The Burden of Safety
/By Don Varyu
Jan. 13, 2022
In 1970, a President not known for pro-big government policies signed into law the creation of OSHA (Occupational Safety and Health Administration). Richard Nixon responded because 14,000 American workers were dying on the job every year. The organization began protecting workers from workplace dangers posed by coal mining, asbestos, benzene and hazardous waste (among many others). It also instituted the first workers’ compensation programs.
Today, the radical conservative majority on the U.S. Supreme cast aside half a century of OSHA protections when they ruled that the President had no right to require vaccines and thus protect workers from COVID*. Many are claiming the court overstepped its role in negating the President’s directive (among the topics spelled out here in America is Over.)
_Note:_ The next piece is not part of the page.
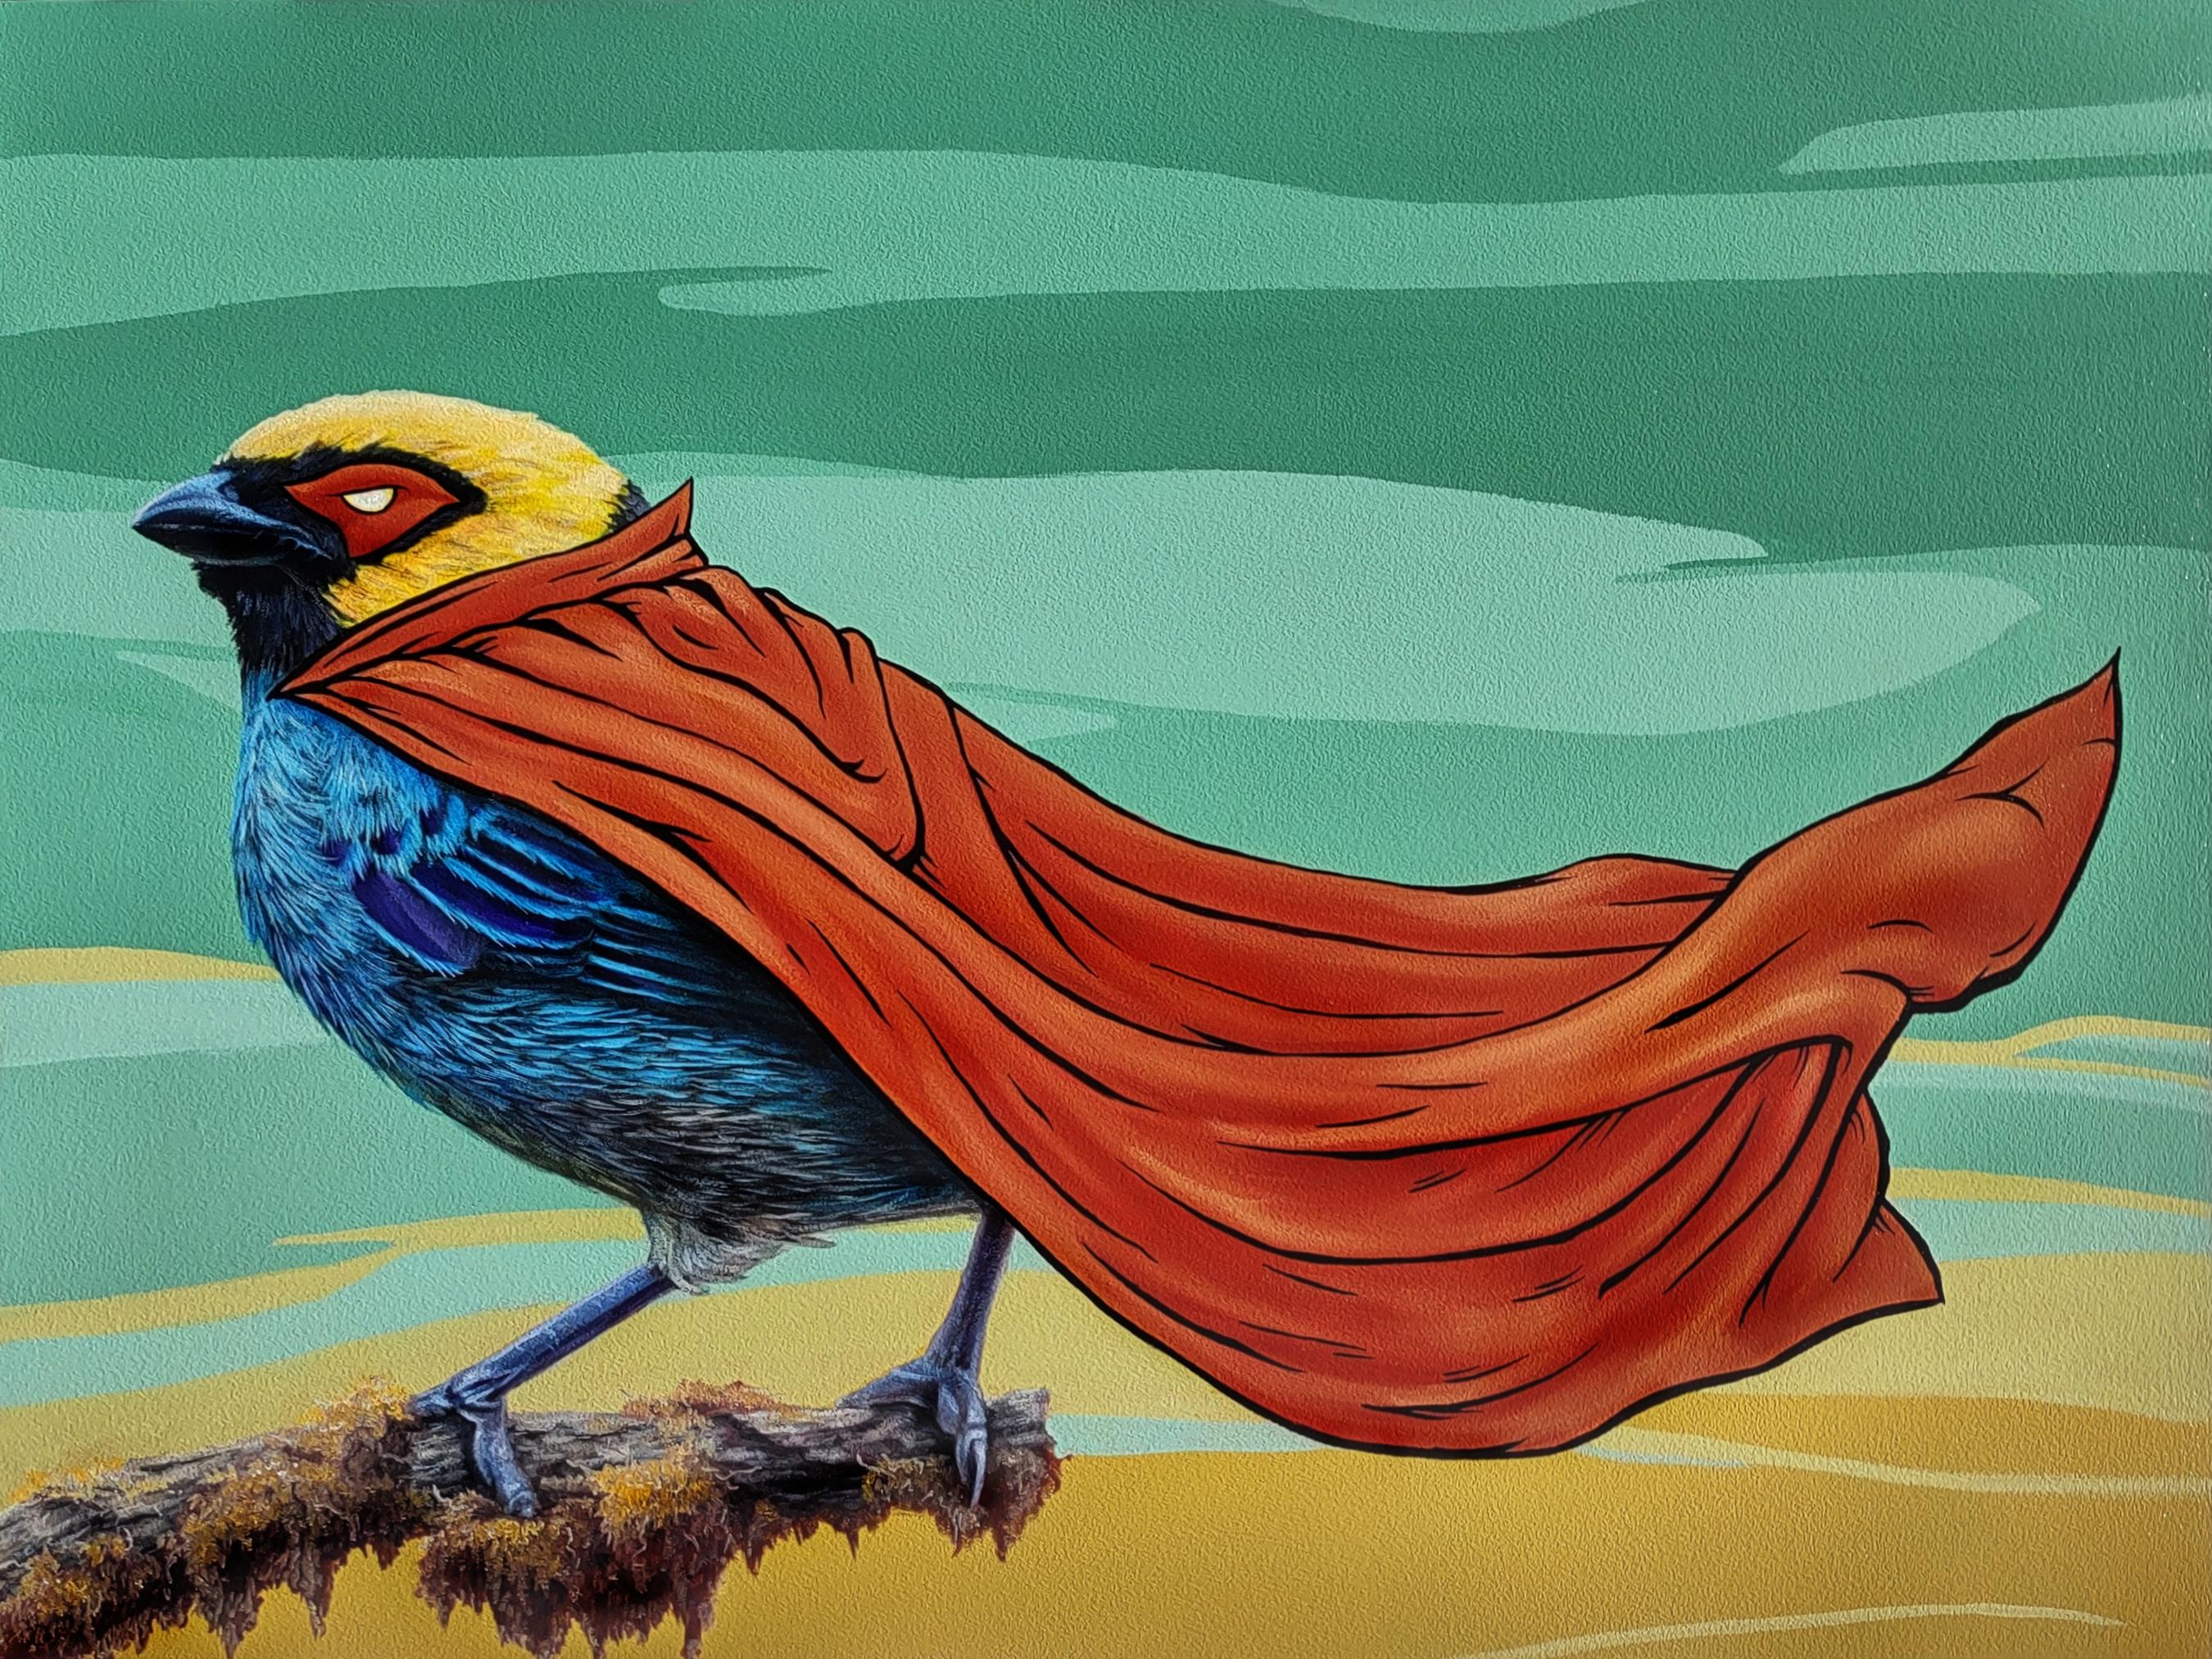 "Masks We Wear, For Anonymity", Bird with Red Cape Oil Painting

But even if you accept its authority, it is impossible to ignore the inherent hypocrisy in the ruling. The court DID agree that such vaccine mandates would stand for health care workers. How does this make sense? Is it just because those doctors and nurses shouldn’t be able to transmit the virus to patients? What about the patients who pose the same threat to them? Extend that thinking, and you’d be just as consistent saying that patients should not be admitted to hospitals without proof of vaccination.
But there’s a much larger issue here: control of the virus itself. There’s no evidence that the overwhelming threat posed by COVID played a meaningful part in the votes of those six justices. So, to be helpful, I will include the following statistics:
U.S. DEATHS FROM…
…Pearl Harbor attack: 2,335
…9/11: 2,977
…World War II: 407,300
…Civil War: 620,000
…COVID: 833,016 (and counting)
Whose interests are those six Supreme Court justices protecting?